Jace wrinkled his nose and shook his head. “Boring. Play us some music, Easton.” He tossed his head toward the piano.
“I don’t want to,” I said.
“Do it. Play what you played yesterday. I liked that one.” Jace pushed me away, nudging me toward the stool.
“Beethoven,” I said.
“Yes, the big, hairy dog,” Jace agreed lightly.
It drew a contemptuous snort out of me, but I sat on the piano stool anyway. As I flicked the piano on, a shiver passed through me. “It’s not fair,” I said. “They should have let you learn, too.”
“But they let you learn,” Jace said. “So you have to play for me.”
I turned to face the piano, lowering my head all the way down and smiling to myself. “Sure. I have to obey you until you let me come.”
Jace stood behind me, his hands resting on my shoulders. “That’s one way of looking at it.”
His touch grounded me.
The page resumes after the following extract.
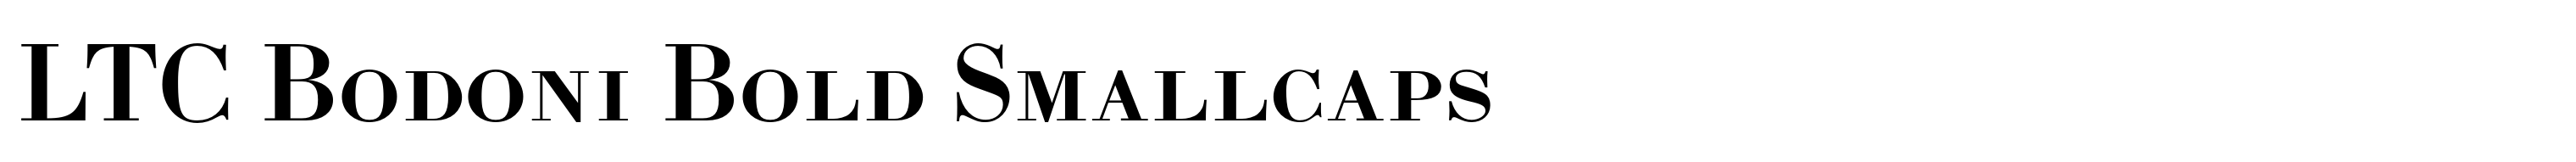 LTC Bodoni Bold Smallcaps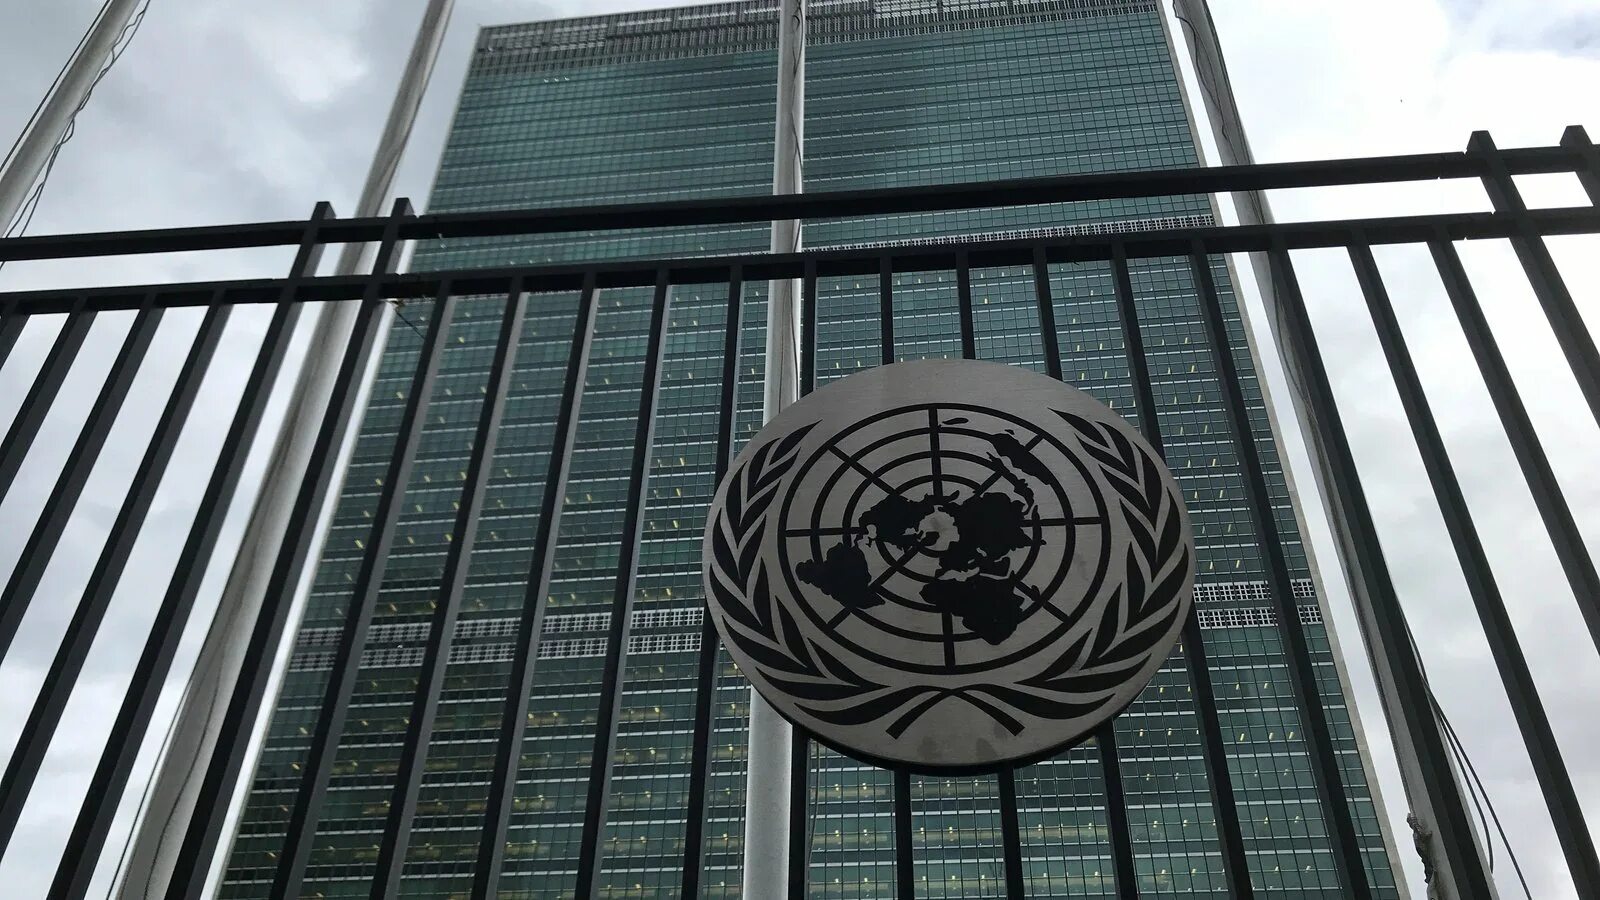 Офис оон. Генеральная Ассамблея ООН Нью-Йорк. Здание Генеральной Ассамблеи ООН В Нью-Йорке. Генассамблея ООН здание. Зал ООН В Нью-Йорке.

His presence gave me strength and clarity of mind. Had I thought of giving him up just a minute ago? It seemed so impossible to imagine a life in which Jace hadn’t crashed back into it. Without him, I would probably still be lying in that alley, too broken and embarrassed to crawl out into the world.
Without another word, my fingers glided across the keyboard, and I played for him.